■ Task instructions:
The full listing is to be returned exactly as given, but without pictures.

■ The data:
- Opening Delimiter -

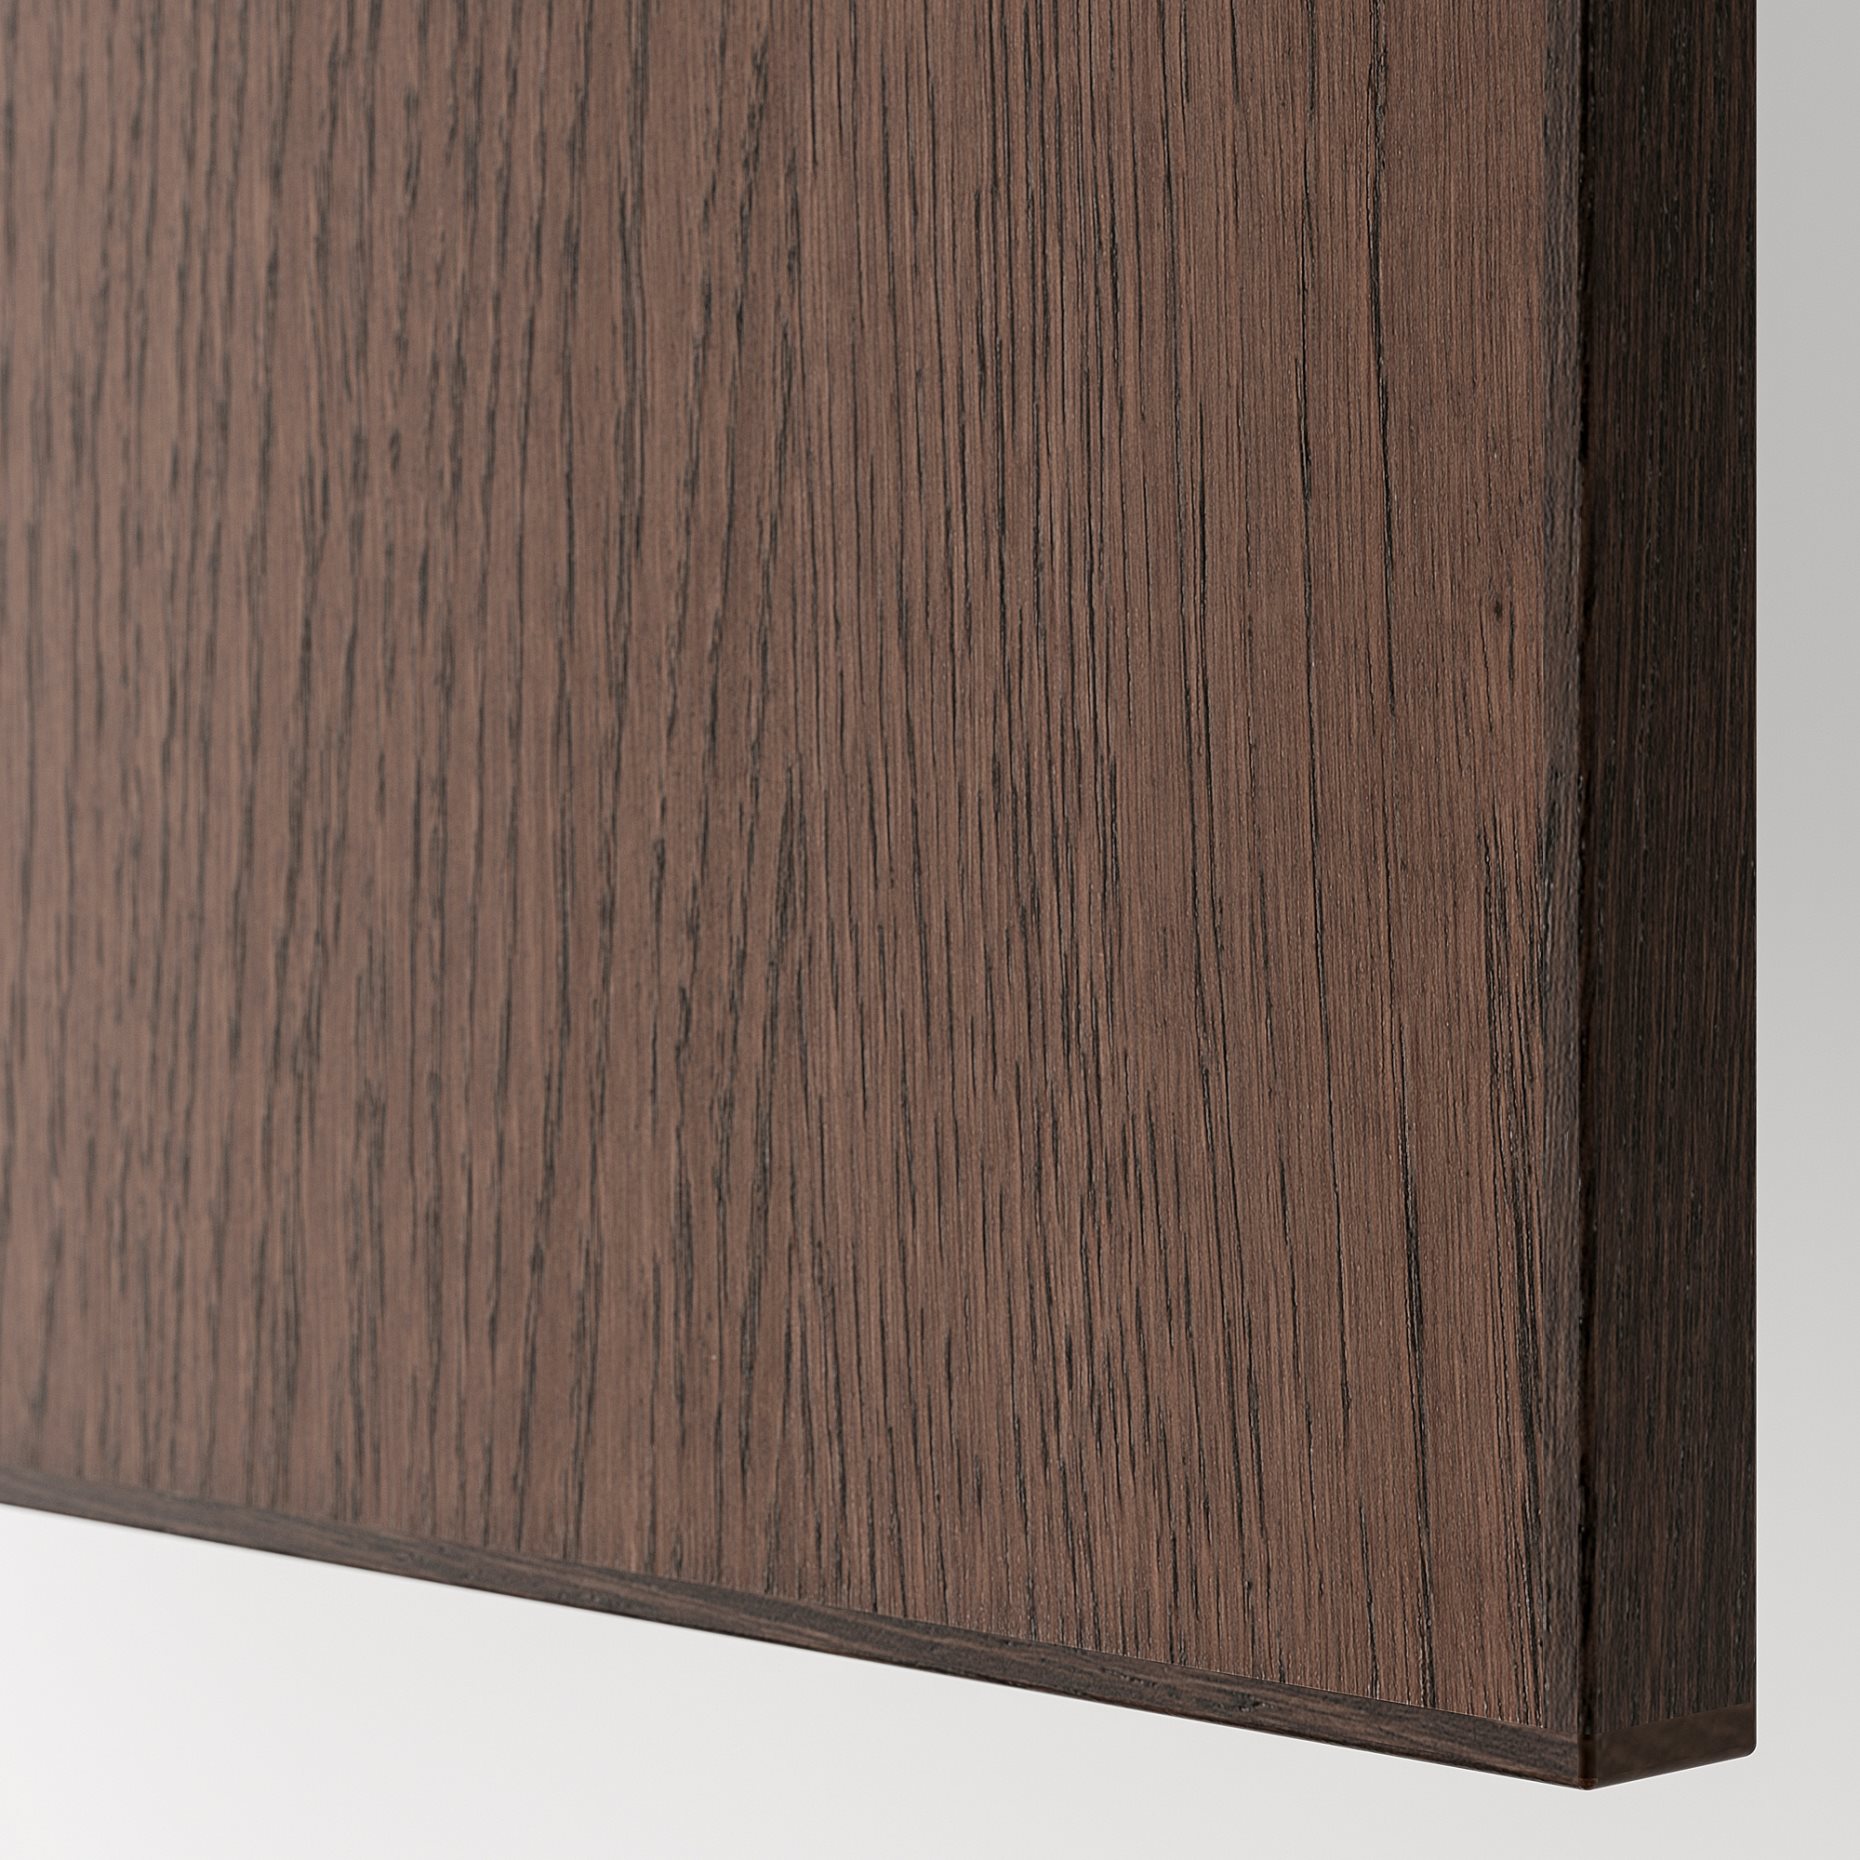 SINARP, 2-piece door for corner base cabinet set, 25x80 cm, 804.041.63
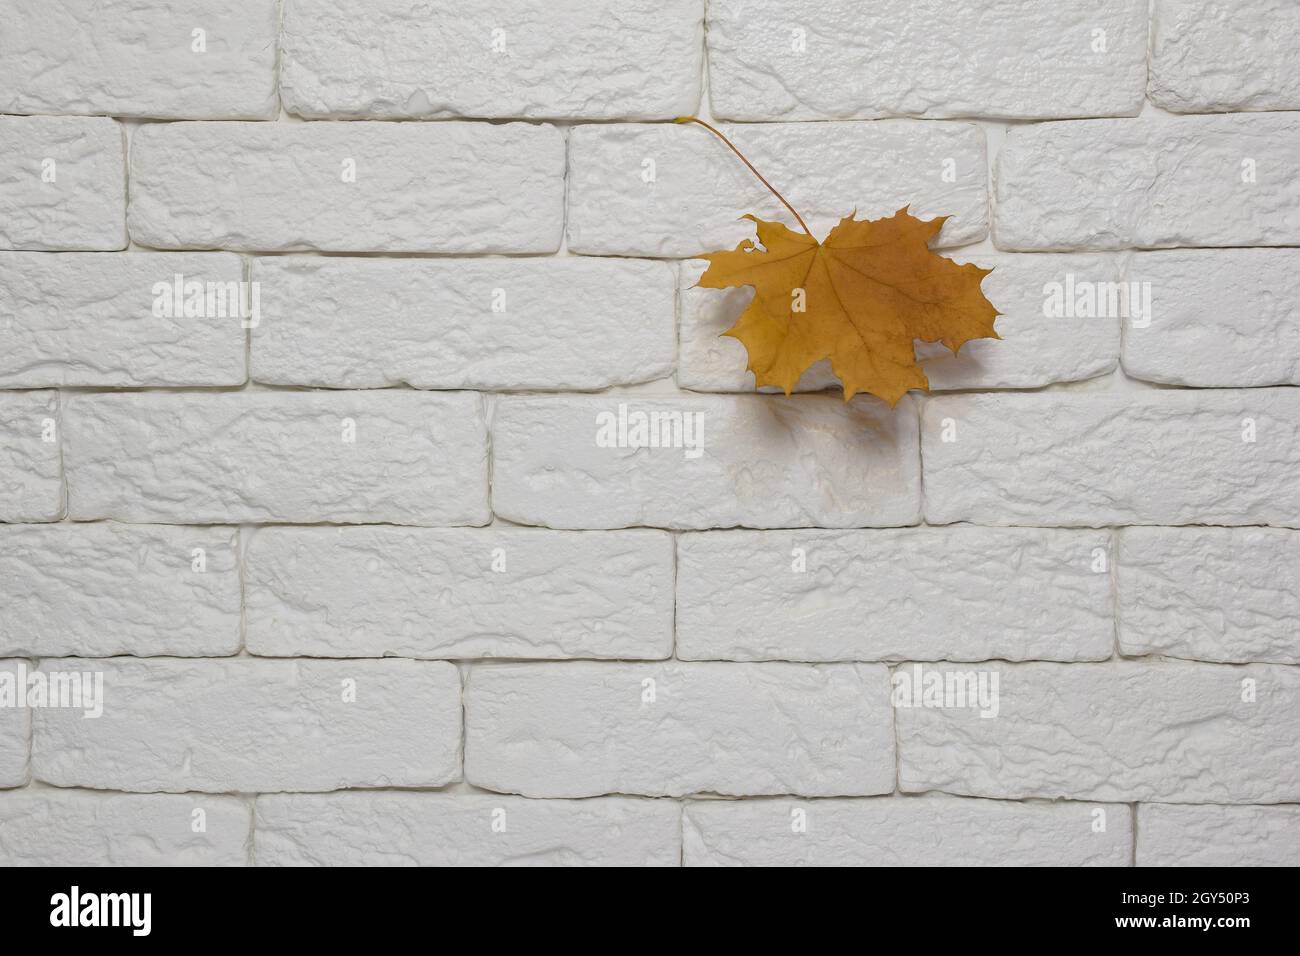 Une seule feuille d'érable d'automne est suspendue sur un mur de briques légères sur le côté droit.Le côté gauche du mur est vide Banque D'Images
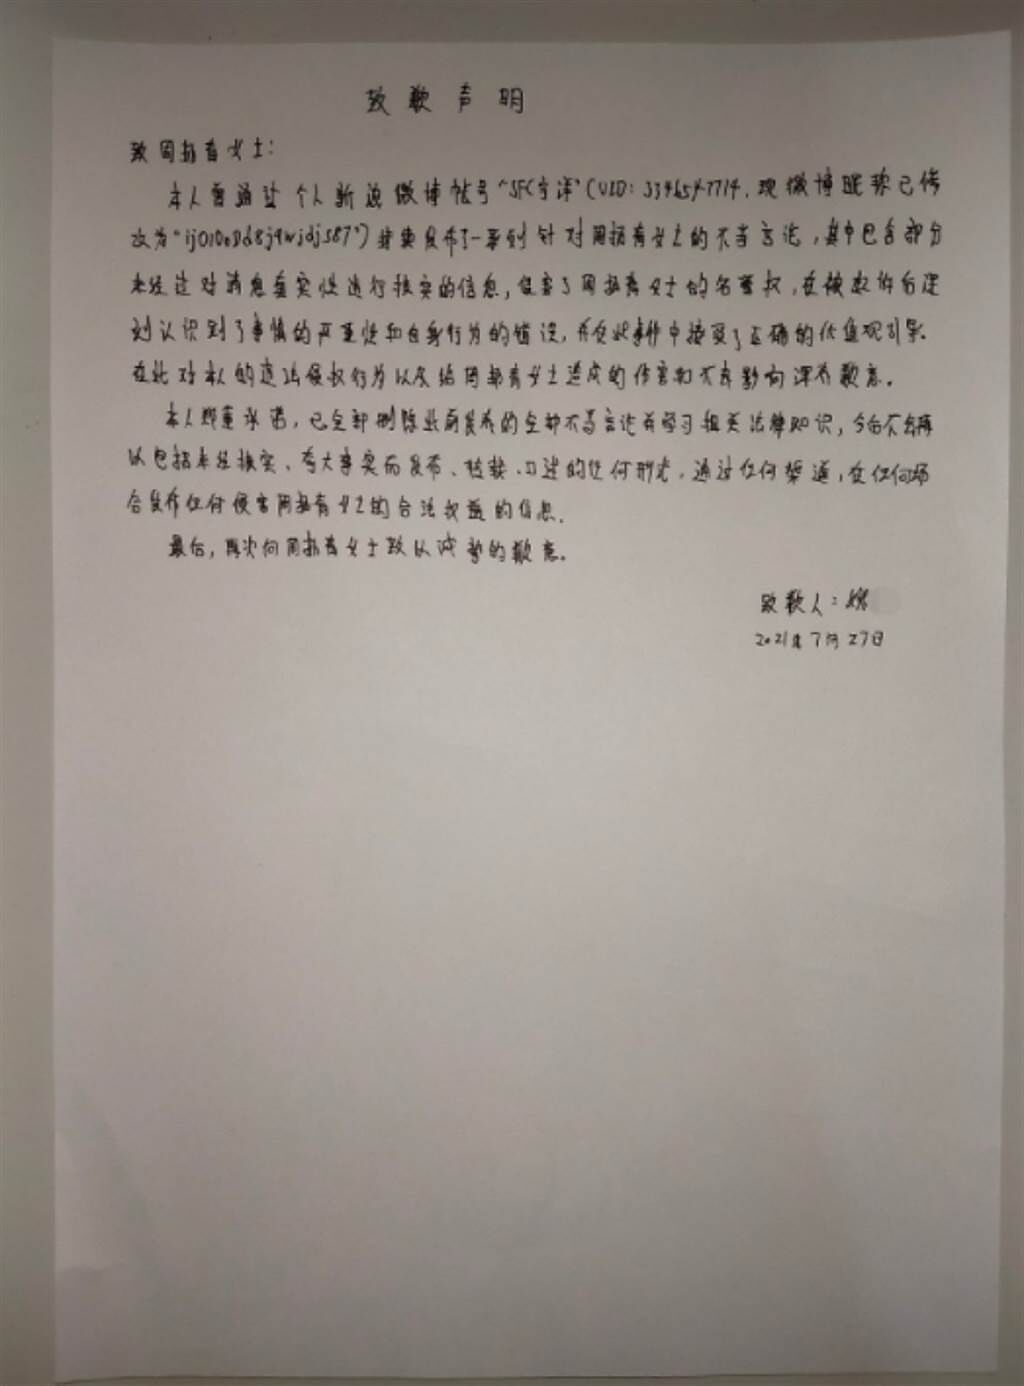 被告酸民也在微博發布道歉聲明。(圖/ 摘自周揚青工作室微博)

- Closing Delimiter -

■ Written reply:
 SINARP, 2-piece door for corner base cabinet set, 25x80 cm, 804.041.63
 Une seule feuille d'érable d'automne est suspendue sur un mur de briques légères sur le côté droit.Le côté gauche du mur est vide Banque D'Images
 被告酸民也在微博發布道歉聲明。(圖/ 摘自周揚青工作室微博)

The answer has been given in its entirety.